I'll definitely post pictures when I slap on some paint. The wife and I are deciding what color to go with....



> Great job, Henry! Thank you for the pictures along the way and the now finished project. These will be a huge help to others.


Thanks Terry, It's been great sharing with everyone! It's the least I can do for the amount of knowledge I've gained on this forum. The many threads with everyones loft designs really inspired me to build the loft I have today...thanks everyone!


----------



## RodSD (Oct 24, 2008)

The subject of what color to paint can be problematic. I painted mine the same color as the house color so it will blend with the surroundings. Sometimes I wondered whether I should have used a bright color that pigeons can see it from the sky. I also still remembered when I can't make my mind what color to paint my car. My mom wanted green. My brothers wanted red or blue. In the end I painted it with white color. LOL! I told them it was a neutral color.


----------



## g0ldenb0y55 (Dec 23, 2008)

RodSD said:


> The subject of what color to paint can be problematic. I painted mine the same color as the house color so it will blend with the surroundings. Sometimes I wondered whether I should have used a bright color that pigeons can see it from the sky. I also still remembered when I can't make my mind what color to paint my car. My mom wanted green. My brothers wanted red or blue. In the end I painted it with white color. LOL! I told them it was a neutral color.
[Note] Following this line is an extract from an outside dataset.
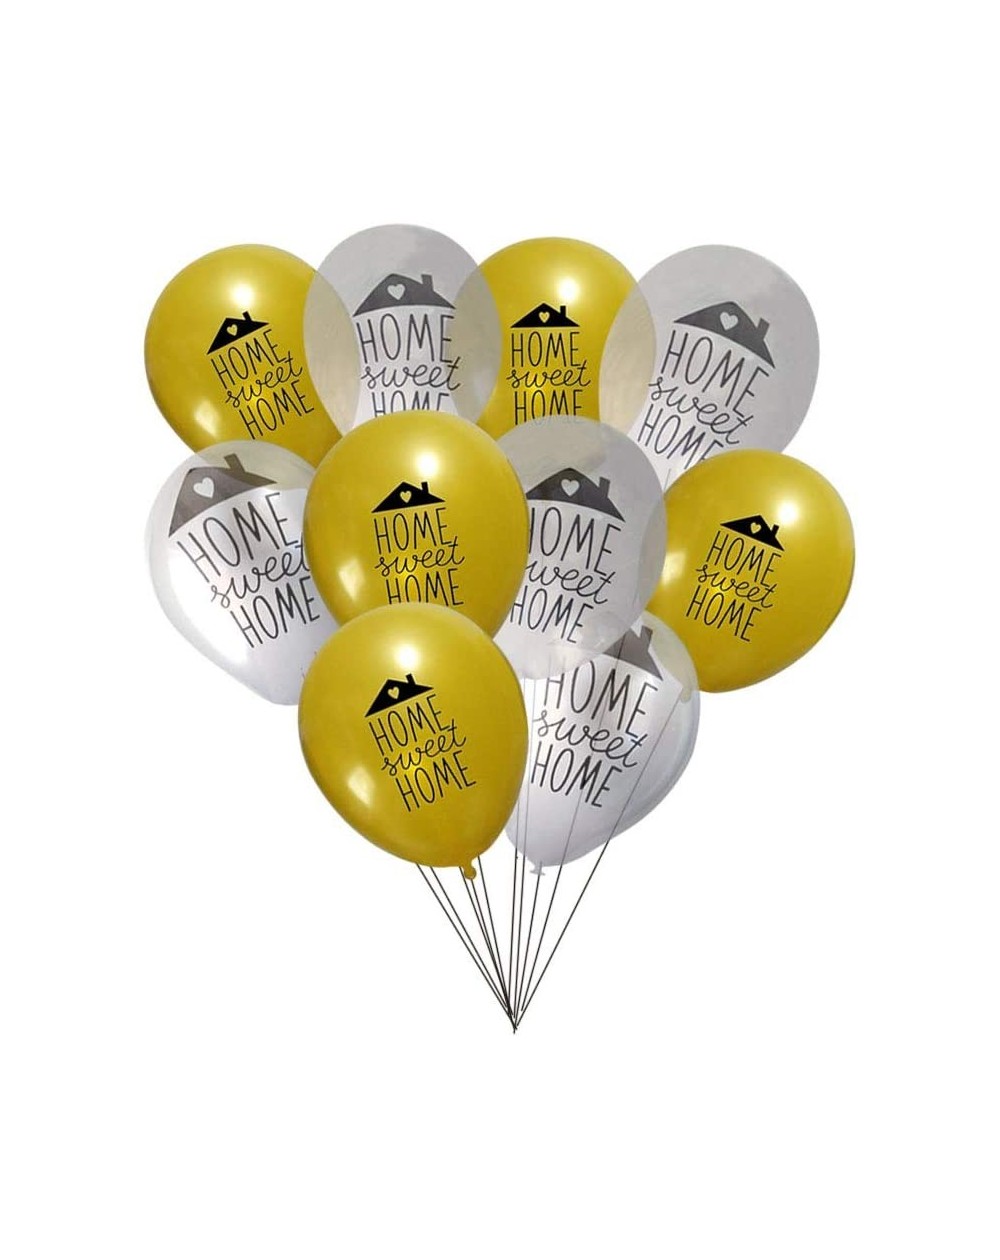 Balloons Home Sweet Home Party Balloons 11 inch Latex 10ct - C118RS8TWAW $15.40

Good point pare about painting it a bright color that the pigeons can see easily. Maybe I can paint it to match the house and paint the filipino flag on the roof!


----------



## RodSD (Oct 24, 2008)

Hahaha, but your birds I thought were Americans?

If you are Canadians, then someone did it.
http://www3.telus.net/npaw/bcloft6.html


----------



## g0ldenb0y55 (Dec 23, 2008)

RodSD said:


> Hahaha, but your birds I thought were Americans?
> 
> If you are Canadians, then someone did it.
> http://www3.telus.net/npaw/bcloft6.html


They are Filipino Americans!.....Lol


----------



## eyespyer (Jul 14, 2008)

Then they are crosses?

LOL

I just slapped white paint on my loft that I am building. Two reasons, my house is white with green trim and I wanted the birds to be able to see it from the air. Looks good so far


----------